Don't look at China for demand destruction. Its oil consumption actually grew by 15 percent this year.
If there is demand destruction in the US, it has not shown up yet in the overcooked and overspiced statistics emanating from the federal agencies -- though the housing slump-or-crash-or-whatever is beginning to make an impression on economy-watchers. There is otherwise no evidence that fewer cars are clogging the Capital Beltway or the Santa Monica Freeway.
But here's one thing I wonder: what if the number one user of oil products in the US had laid in huge inventories of the stuff earlier in the year and has lately withdrawn from bidding in the futures and spot markets?
I am speaking of the US Military. It would make sense, against the background of Iran rattling its nuclear capabilities, and the Israel / Hezbollah affair, that the US armed forces filled their tank farms to the max this summer and are now stepping back from bidding on any additional oil for the time being.

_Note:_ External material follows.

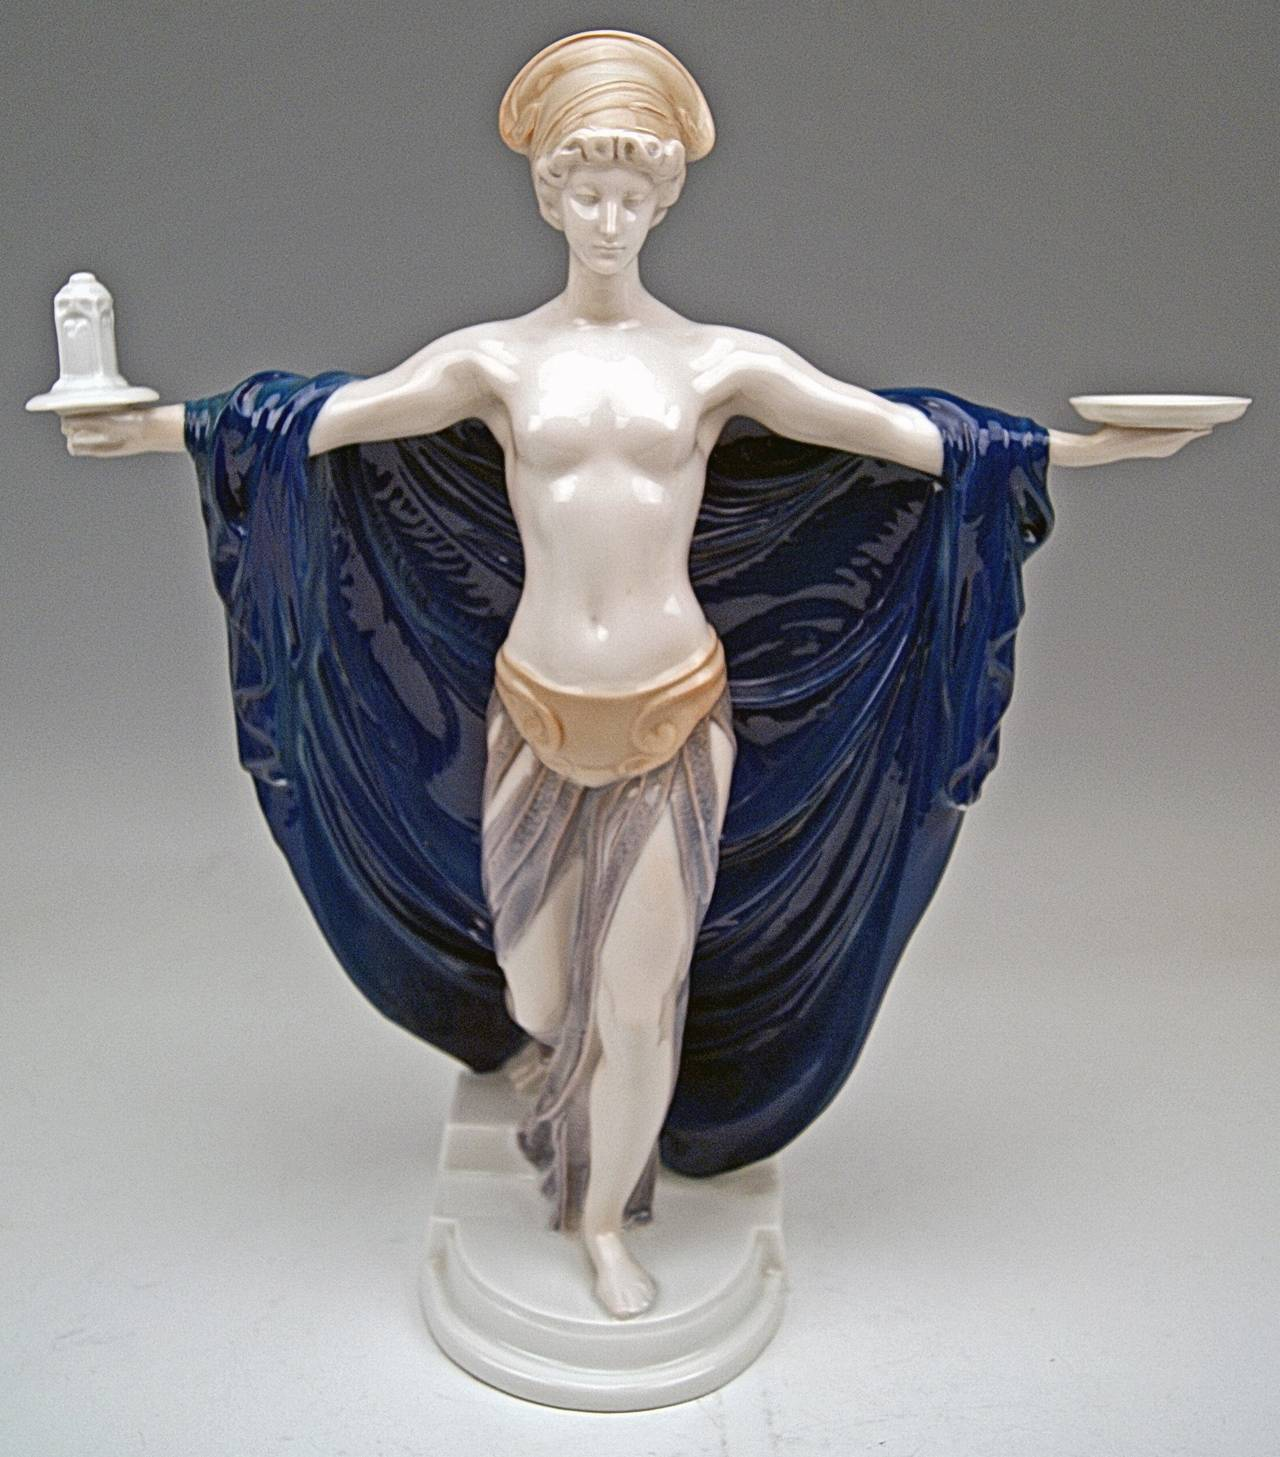 Rosenthal Germany Rare Figurine Temple Dedication by F. Liebermann, circa 1914 6

This could be easily "managed" by the people who run this massive organization -- namely, the President, the Secretary of Defense, and the rest of the civilian authorities based in the executive branch of the government. They don't have to consult with congress on their oil purchases.
I apologize for veering into conspiracy territory on this -- and I don't have a shred of evidence that this is happening.
It's just a thought, a caprice, a "wild hair," a theory. Surely there is some enterprising graduate student or trust fund nerd on the peak oil web sites who might investigate this dark notion. Has the US military gone on an oil-buying vacation as we head toward the elections?"
No idea.
Could this have any kind of impact on Canadian elections as well?